Re: Lens Query Conversion

Posted by Tao Yan <ty...@linkedin.com>.
So, the field 'value' can be used to define both alias and real values?

On Tue, Aug 9, 2016 at 11:40 AM, Rajat Khandelwal <pr...@apache.org> wrote:

> Yes, that is correct.
>
> On Wed, Aug 10, 2016, 00:09 Tao Yan <ty...@linkedin.com> wrote:
>
>> Thanks for the explanation. I got the idea of tentative partitions.
>>
>> Is the property
>> *<property name="cube.timedim.partition.order_time" value="ot" />*
>>  referring to the dim_attribute
>> *<dim_attribute name="order_time" _type="TIMESTAMP" /> *?
>>
>> Is the value 'ot' an alias of the partition column name?
>>
>>
>> On Tue, Aug 9, 2016 at 12:47 AM, Rajat Khandelwal <pr...@apache.org>
>> wrote:
>>
>>> The idea of partitions is that there is a stream of data that keeps
>>> flowing in, each line of which has delivery time and order time both.
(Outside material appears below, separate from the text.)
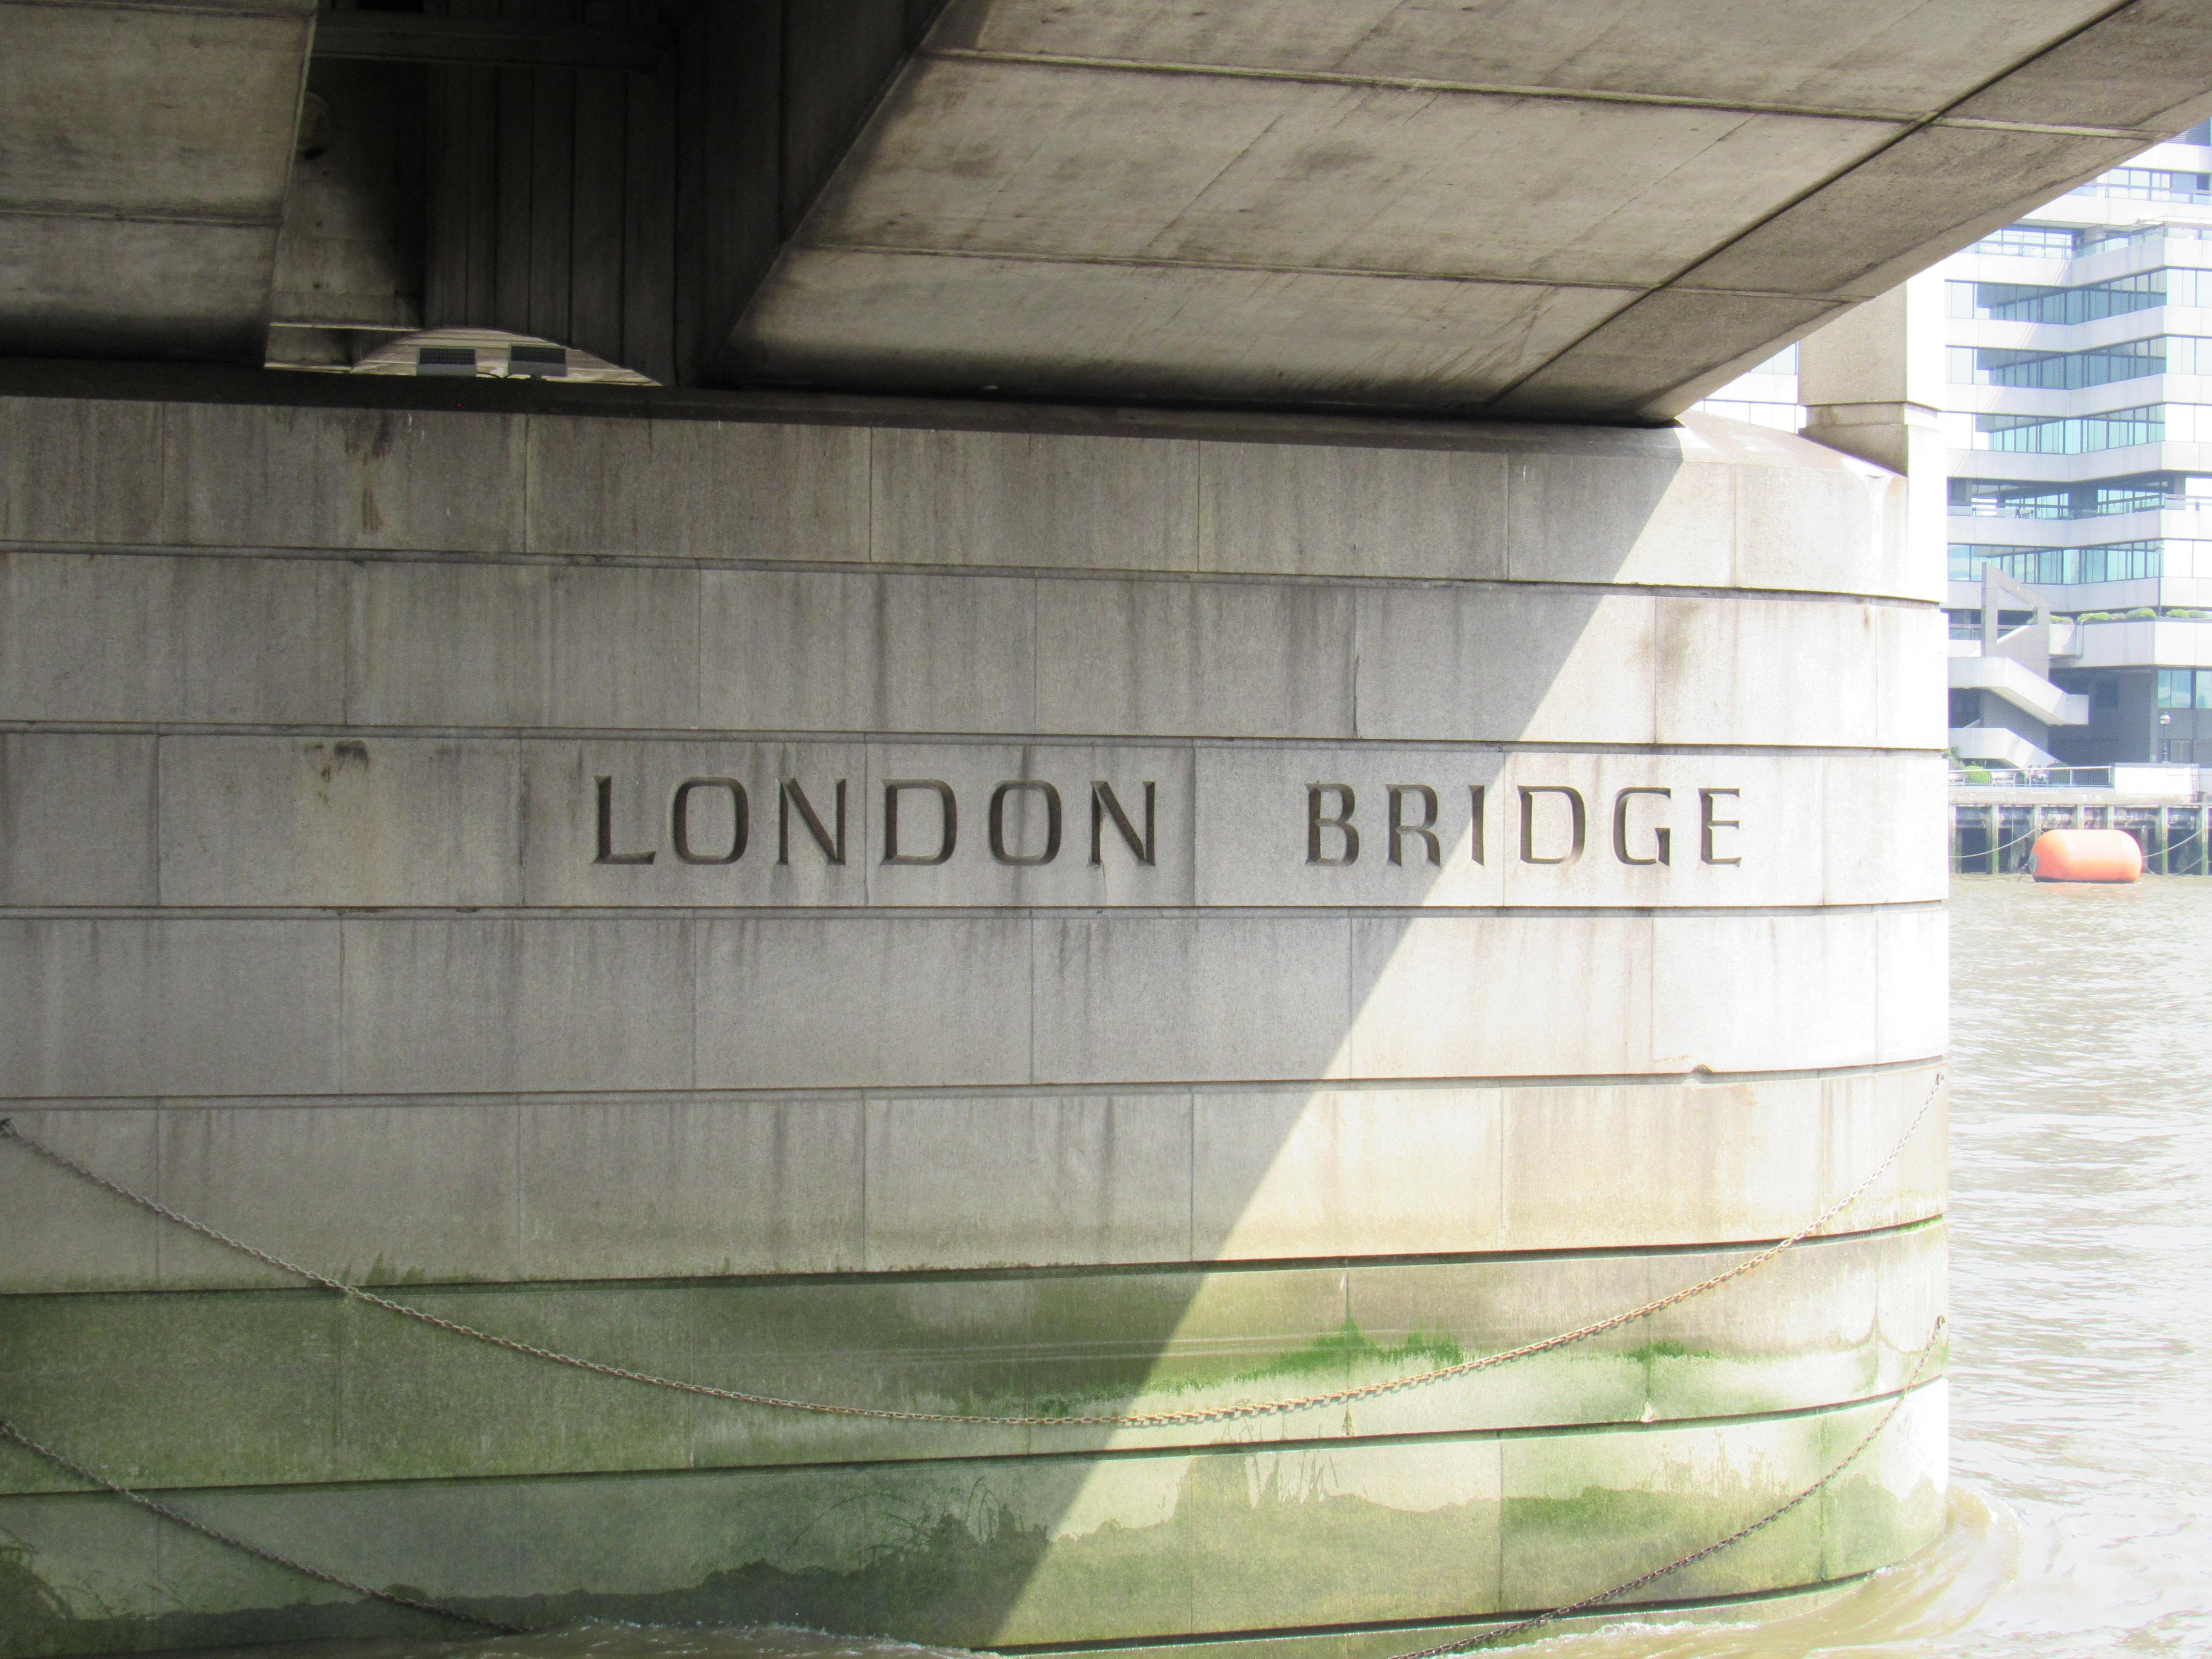 The London Bridge: A Hidden Label of Its Name

The
>>> data is partitioned and stored in partitions later and facts are created on
>>> top of that partitioned data. So if data is partitioned in order time and
>>> the time range queried is also order time, then we can pick the partitions
>>> directly. But if the data is partitioned on delivery time, as is the case
>>> for this fact, and the query is on order time, then you pick some tentative
>>> partitions of delivery time, but you still have to filter over order time.
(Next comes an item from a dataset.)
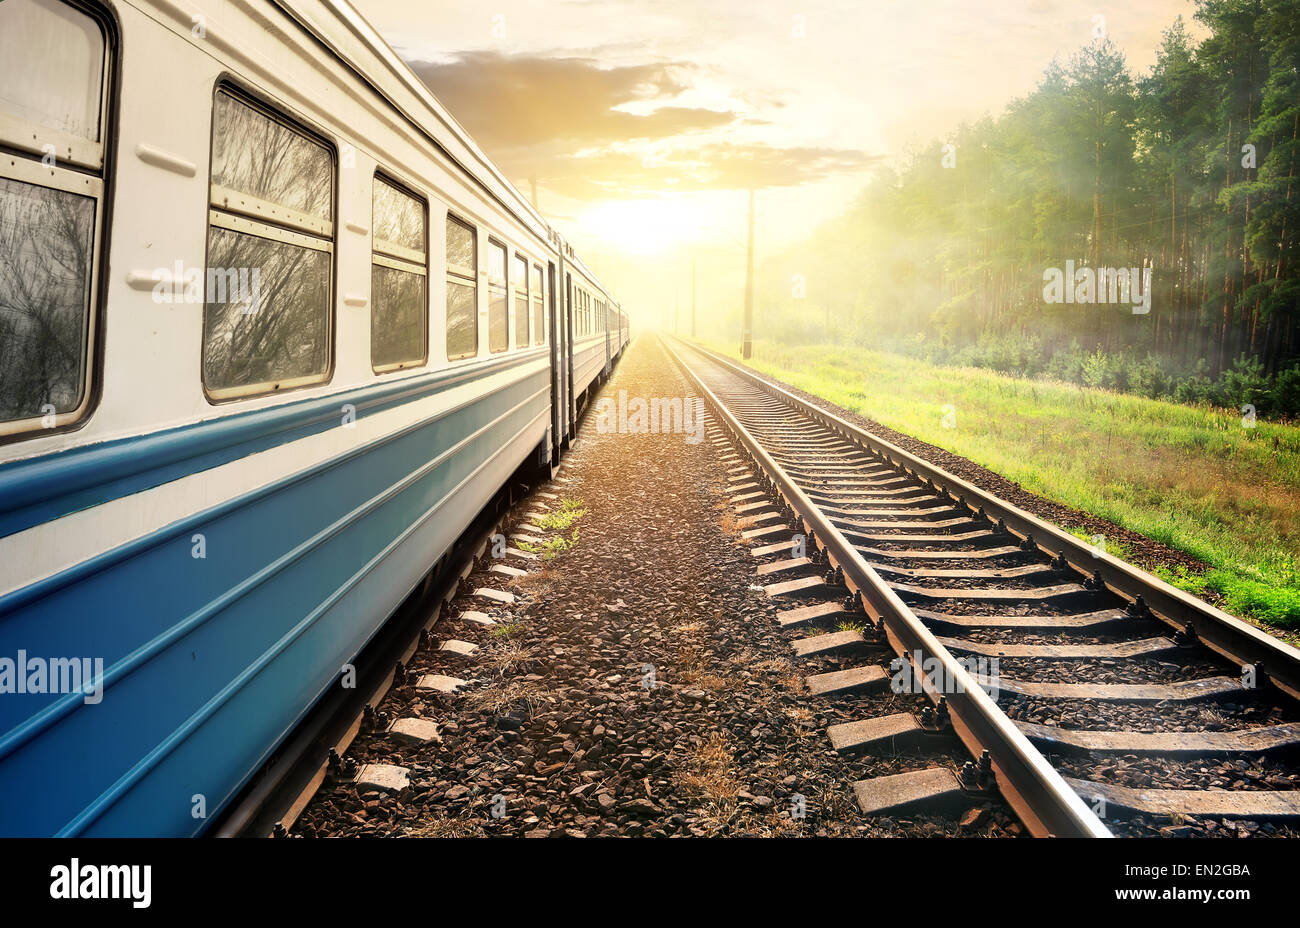 Zug durch den Pinienwald bei Sonnenuntergang bewegen Stockbild

>>> Here the purpose of picking partitions is to reduce the amount of data
>>> read. When you pick delivery time partitions, it doesn't guarantee what
>>> order times data has, it only provides a tentative range. Hence, the
>>> partitions are picked based on the relation of time dimensions, but the
>>> extra filter still has to be supplied.
>>>
>>> Hope it's clear.
>>>
>>> On Tue, Aug 9, 2016 at 10:30 AM Rajat Khandelwal <pr...@apache.org>
>>> wrote:
>>>
>>>> That's the original time range asked in the cube query.
>>>>
>>>> On Tue, Aug 9, 2016, 01:46 Tao Yan <ty...@linkedin.com> wrote:
>>>>
>>>>> Hi Rajat,
>>>>>
>>>>> Thanks for the explain. I have a clear understanding about dim
>>>>> relation now, however, how does the following condition generated:
>>>>>
>>>>> and ((sales.order_time) >= '2015-04-13 03:00:00') and ((sales.order_time) < '2015-04-13 04:00:00')))
>>>>>
>>>>> order_time is a dim attributes defined in sales cube, and it does not have any relationships with properties or other dim attributes (The property cube.timedim.partition.order_time does, but is it the same thing?), I wonder how the query could pick up this column.
>>>>>
>>>>>
>>>>> Thanks,
>>>>>
>>>>>
>>>>> On Mon, Aug 8, 2016 at 4:12 AM, Rajat Khandelwal <pr...@apache.org>
>>>>> wrote:
>>>>>
>>>>>> I've created a jira for this: https://issues.apache.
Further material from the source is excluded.